然后执行常规的二进制搜索,同时按找到的班次旋转所有索引。您可以执行两次二进制搜索:首先查找索引
iarr[i]>arr[i+1](arr\[1]、arr[2]、…、arr[i])(arr[i+1]、arr[i+2]、…、arr[n])然后,如果
arr[1]如果知道数组已向右旋转了s,则只需执行将s向右移动的二进制搜索。这是O(lg N)
我的意思是,将左极限初始化为s,将右极限初始化为(s-1)mod N,并在它们之间进行二进制搜索,注意在正确的区域工作
如果您不知道数组旋转了多少,可以使用二进制搜索确定旋转的大小,即O(lgn),然后执行移位二进制搜索,O(lgn),仍然是O(lgn)的总和。

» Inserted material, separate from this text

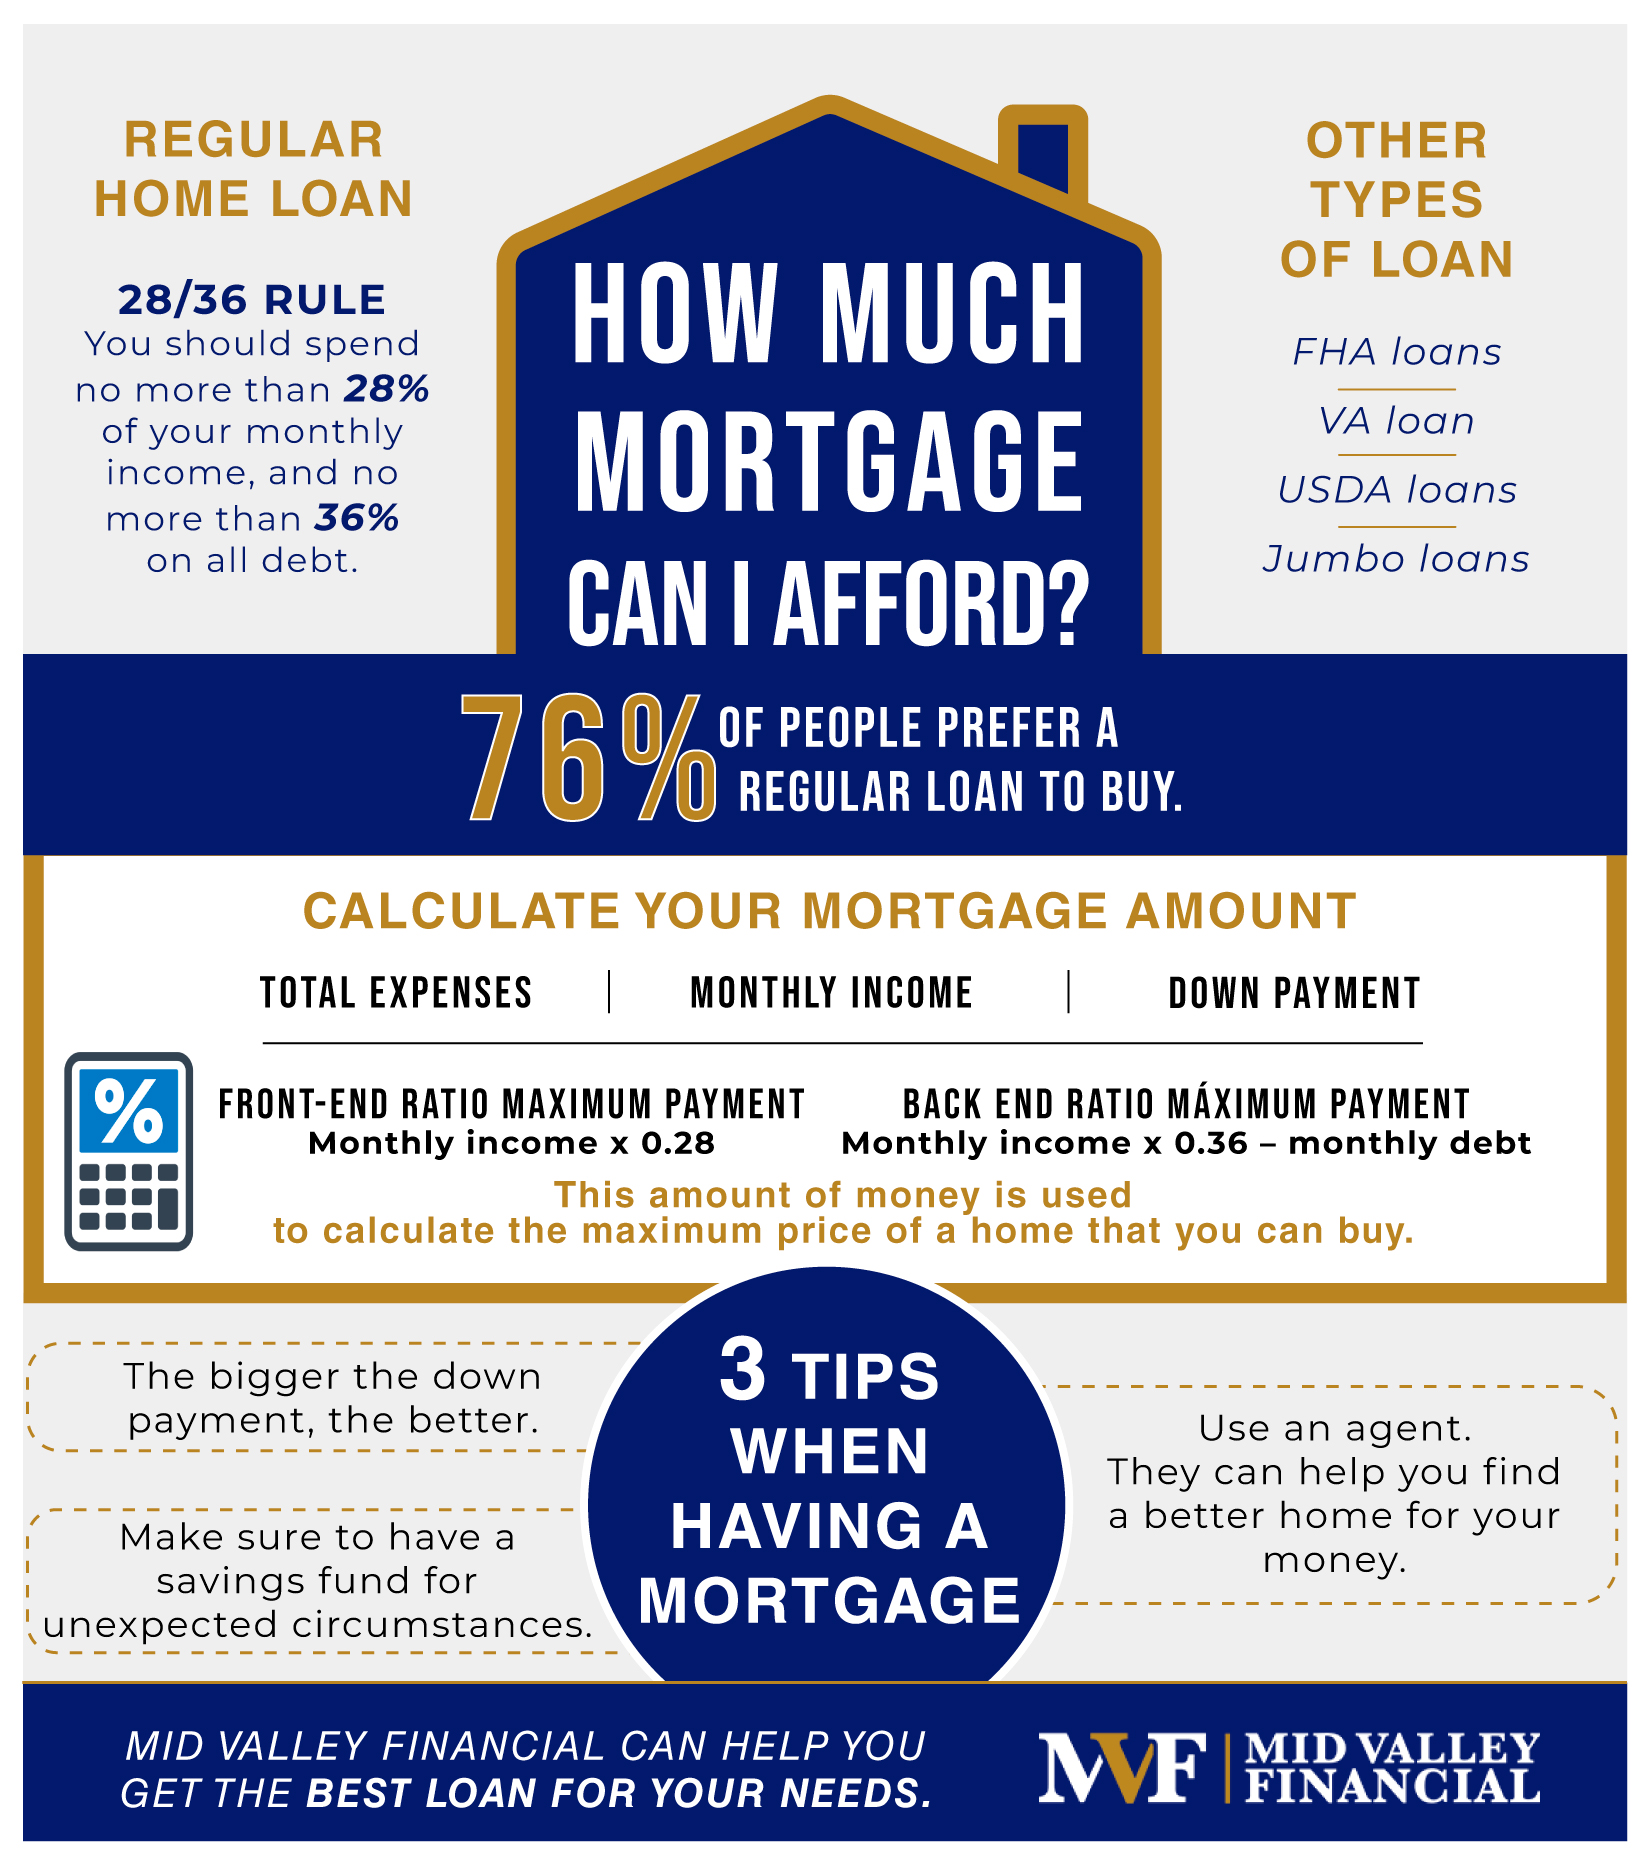 How much mortgage can I afford?

如果您知道数组旋转了多少(远),您仍然可以执行二进制搜索
诀窍是你得到两个级别的索引:你在一个虚拟的0..n-1范围内做b.s.,然后在实际查找一个值时取消旋转它们 不需要先旋转阵列。可以对旋转数组使用二进制搜索(经过一些修改)
N是您要搜索的号码:
读取第一个数(ARR[STAR])和数组中间的数(ARR[Endo]):
- 如果arr[start]>arr[end]-->上半部分未排序,但下半部分已排序:
- 如果arr[end]>N-->则该数字在索引中:(中间+N-arr[end])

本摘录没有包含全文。